Peter & Diane have the same average in mathematics. On the next test Diane scored 97% and her aver age improved to 90%, but Peter scored 73% and his average decreased to 87%. How many tests had proceeded this last test?

If there were already n tests, then if Diane scored d and Peter scored p, then with the current average of a,

n*a + 97 = (n+1)(90)
n*a + 73 = (n+1)(87)
so, we can eliminate the a and have

(n+1)(90)-97 = (n+1)(87)-73
(n+1)(3) = 24
n+1 = 8
n = 7

To find out how many tests had proceeded this last test, we need to compare the averages before and after the last test.

Let's name the number of tests taken before the last test as 'x'.

Before the last test:
- Diane's average was the same as Peter's average.
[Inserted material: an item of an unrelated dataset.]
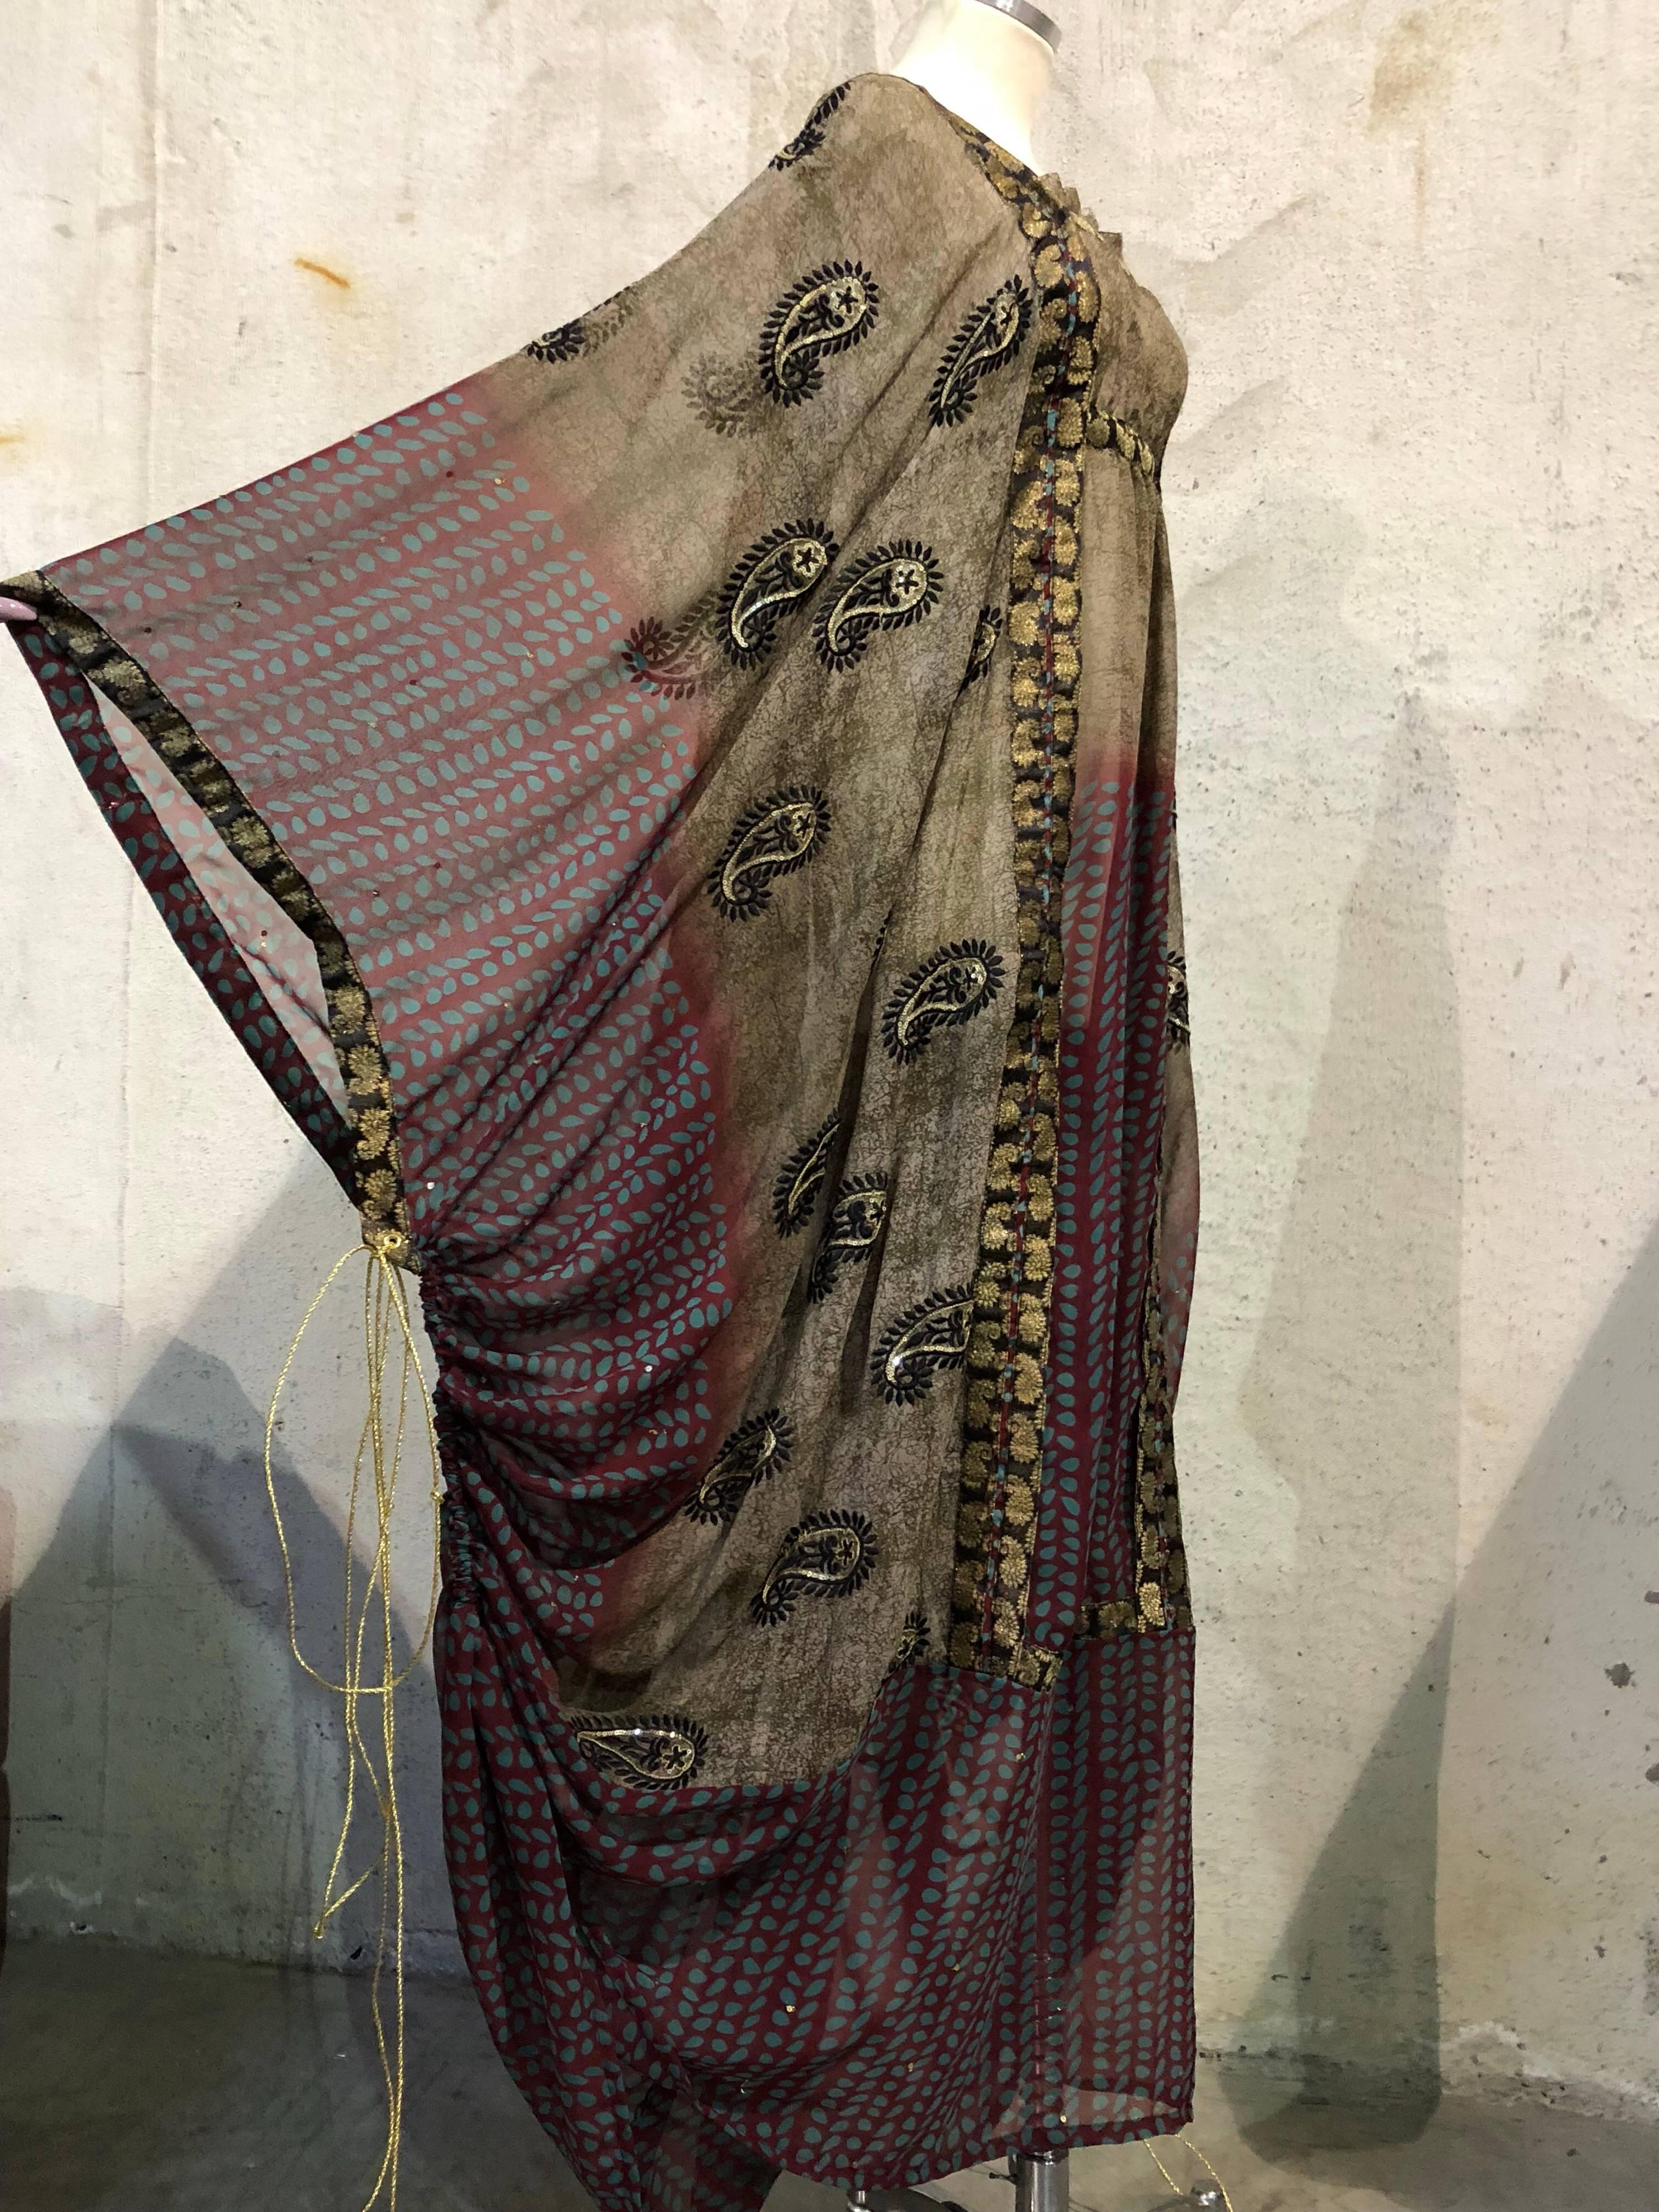 dresses made from sari fabric

Let's call it 'A'.
- Peter's average was 87%.

After the last test:
- Diane's average improved to 90%.
- Peter's average decreased to 87%.

To find the average, we can use the formula:
Average = (sum of scores) / (number of tests)

Based on the information given, we can set up two equations:

Diane's average:
(97% + sum of scores before) / (x + 1) = 90%

Peter's average:
(73% + sum of scores before) / (x + 1) = 87%

Now, let's solve these equations to find the value of 'x', which will give us the number of tests taken before the last test:

(97% + sum of scores before) / (x + 1) = 90%
97% + sum of scores before = 90% * (x + 1)
97% + sum of scores before = 90% * x + 90%

Similarly, for Peter's average:

73% + sum of scores before = 87% * x + 87%

Now, we can solve these two equations to find the value of 'x'.

97% + sum of scores before = 90% * x + 90%
73% + sum of scores before = 87% * x + 87%

Subtracting the second equation from the first:

97% - 73% = 90% * x + 90% - (87% * x + 87%)
24% = 3% * x + 3%

24% - 3% = 3% * x
21% = 3% * x

Dividing both sides by 3%:

(21% / 3%) = x
7 = x

Therefore, the number of tests that proceeded the last test is 7.